In terms of small and heavy weaponry, Pakistan is also in no short supply as they need those to supply its 1.704.000 military personnel (2023 Pakistan Military Strength, n.d.). The frightening amount of weaponry has the potential to be abused as happened in the aftermath of the Yugoslav wars where Yugoslav-made arms were found being used by ISIL terrorists in a series of coordinated attacks, one being the 2015 Paris attacks (Fraser, 2020). This past example showcases a serious risk of playing out again in the event of Pakistan collapsing. An outflow of weapons from a collapsed Pakistan could lead to instability, most noticeably, in its neighbors. The closest example would be India’s Punjab region which is home to Sikh separatist groups, the Khalistan movement, with a history of armed resistance (Mattoo & Agarwal, 2023). Pakistan has been known to support Khalistani groups in their struggle (Sharma, 2021). Thus, an outflow of weapons from Pakistan in the event of the government losing control would undoubtedly lead to weapons proliferation, such as among Khalistani groups, thus raising the risk of terror attacks. Aside from militant groups based in India, Pakistan-based militant groups would also flourish. A Pakistan that is too distracted by internal issues and instability would not be able to keep those militant groups in check, thus increasing the threat toward its next-door neighbor, India (Biswas, 2023). 

Not limited to its closest neighbor, other actors in the region would also feel the impact of the Pakistani government collapse. Pakistan receives aid from friendly states, among the major donors being the UAE, Saudi Arabia, and China. China, in particular, is a frequent donor and supporter of Pakistan, the notable relations between the two is also evident from the existence of the Gwadar Port in Pakistan which is a key component of the China-Pakistan Economic Corridor (CPEC) that gives China access to the Indian Ocean (Jose, 2018).

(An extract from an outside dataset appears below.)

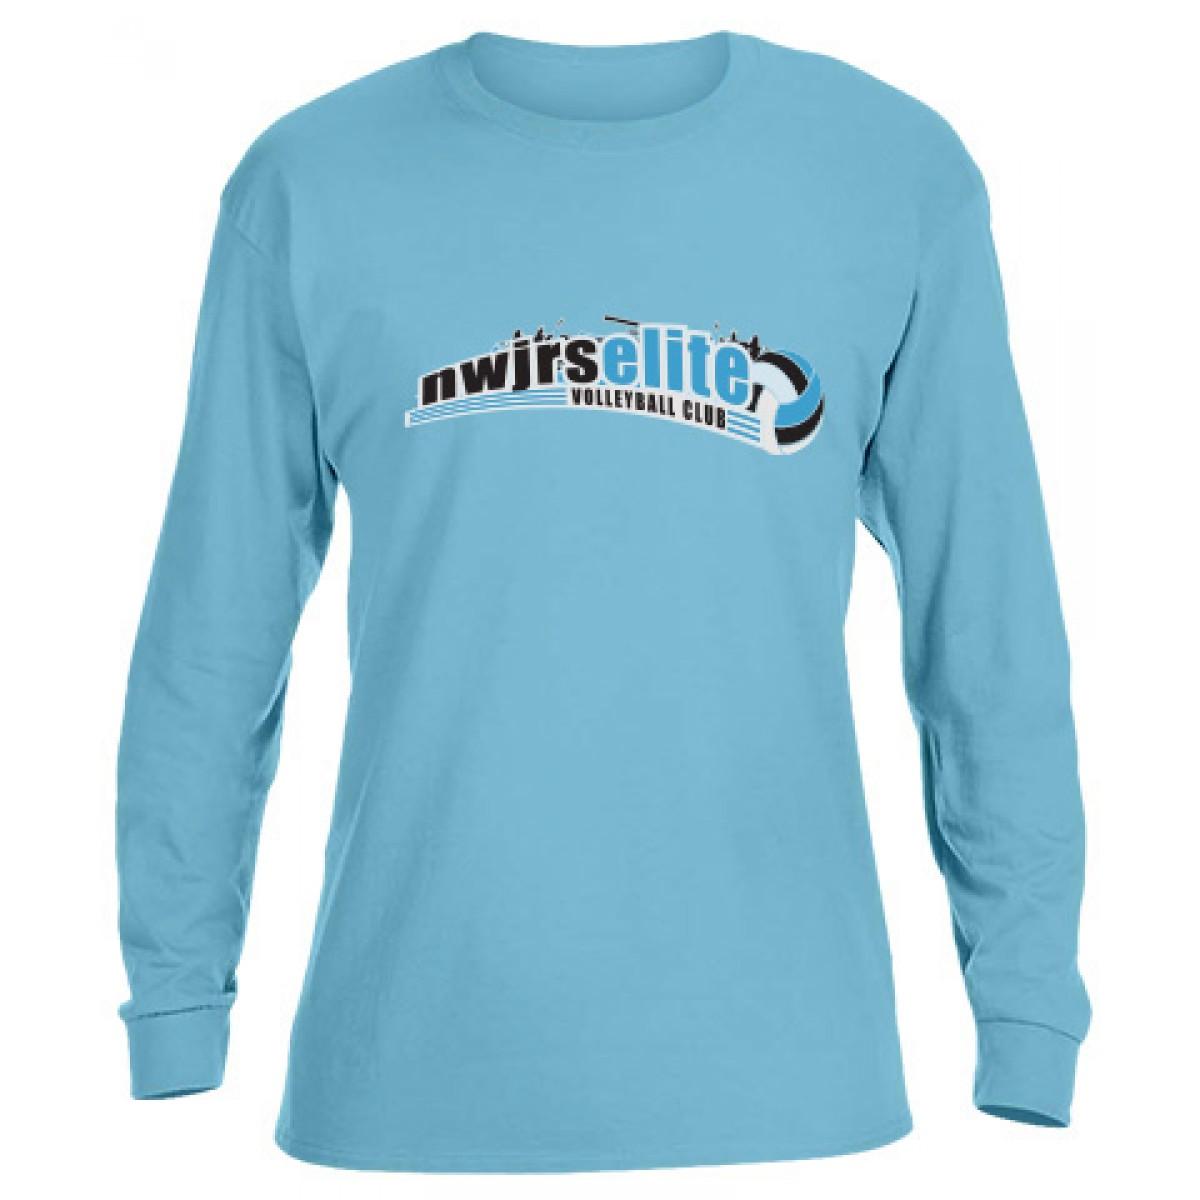 Northwest Volleyball Foundation Scholarship Program-Sky Blue-XL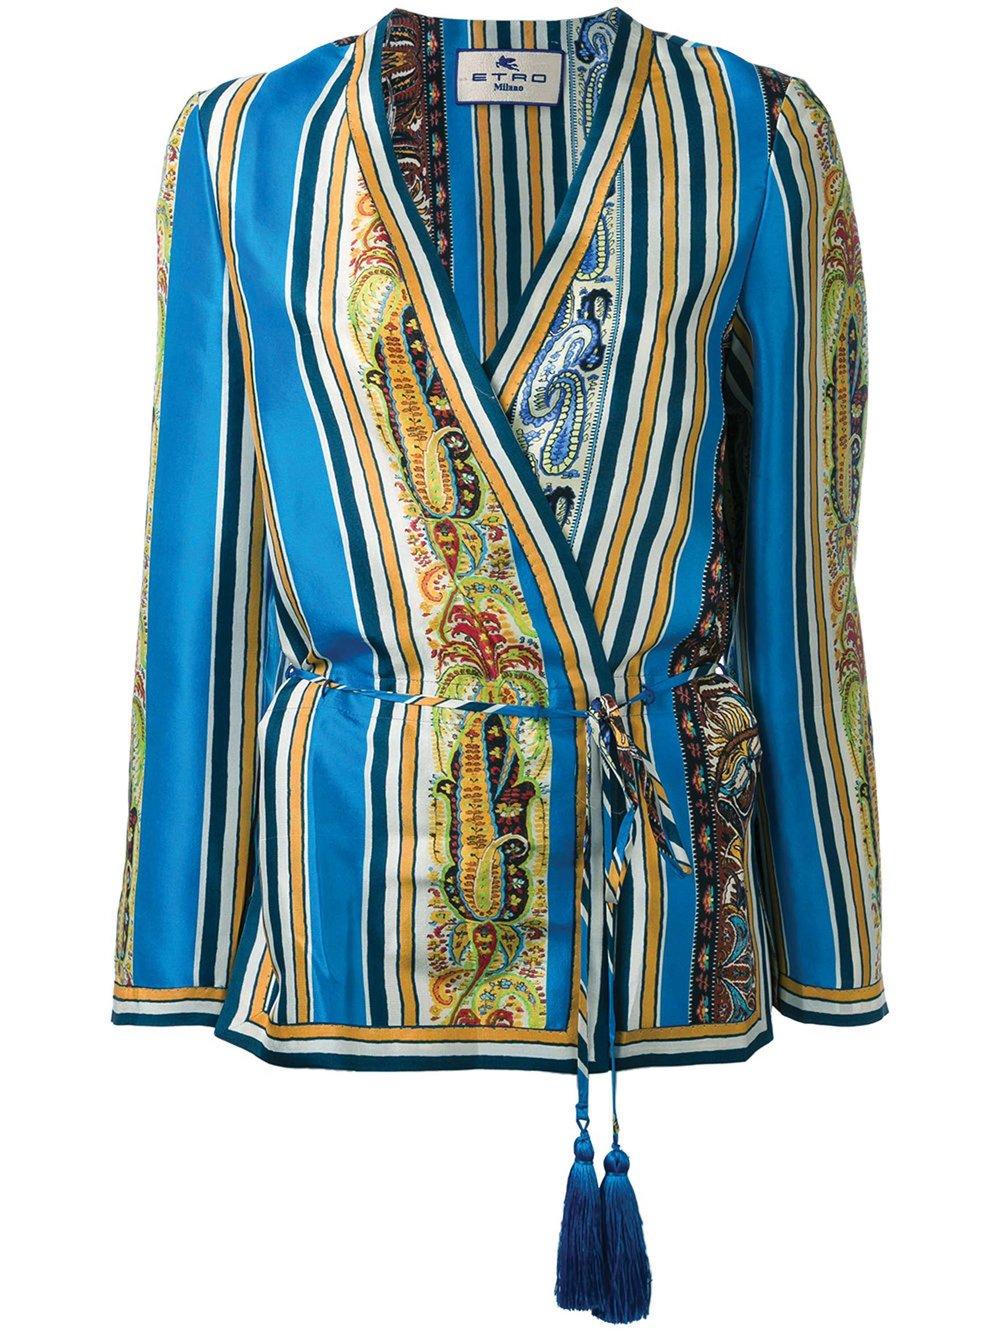 Kimono Blouse by Etro $2,327 艾特羅襯衣

In fact, Pakistan’s economic crisis has shown direct impacts as many planned CPEC projects have not started and those that have are now incurring financial losses (ANI News, 2023). China will not allow Pakistan to collapse especially since the Red Dragon will lose access to the Indian Ocean and its usefulness in countering India (Brewster, 2023). Nevertheless, China is also conservative in its foreign aid, so if Pakistan keeps being unable to repay China’s debts, China would likely take control of key Pakistani infrastructure, such as the Gwadar Port. This means that China’s hold over Pakistan will simply be tighter (Brewster, 2023). 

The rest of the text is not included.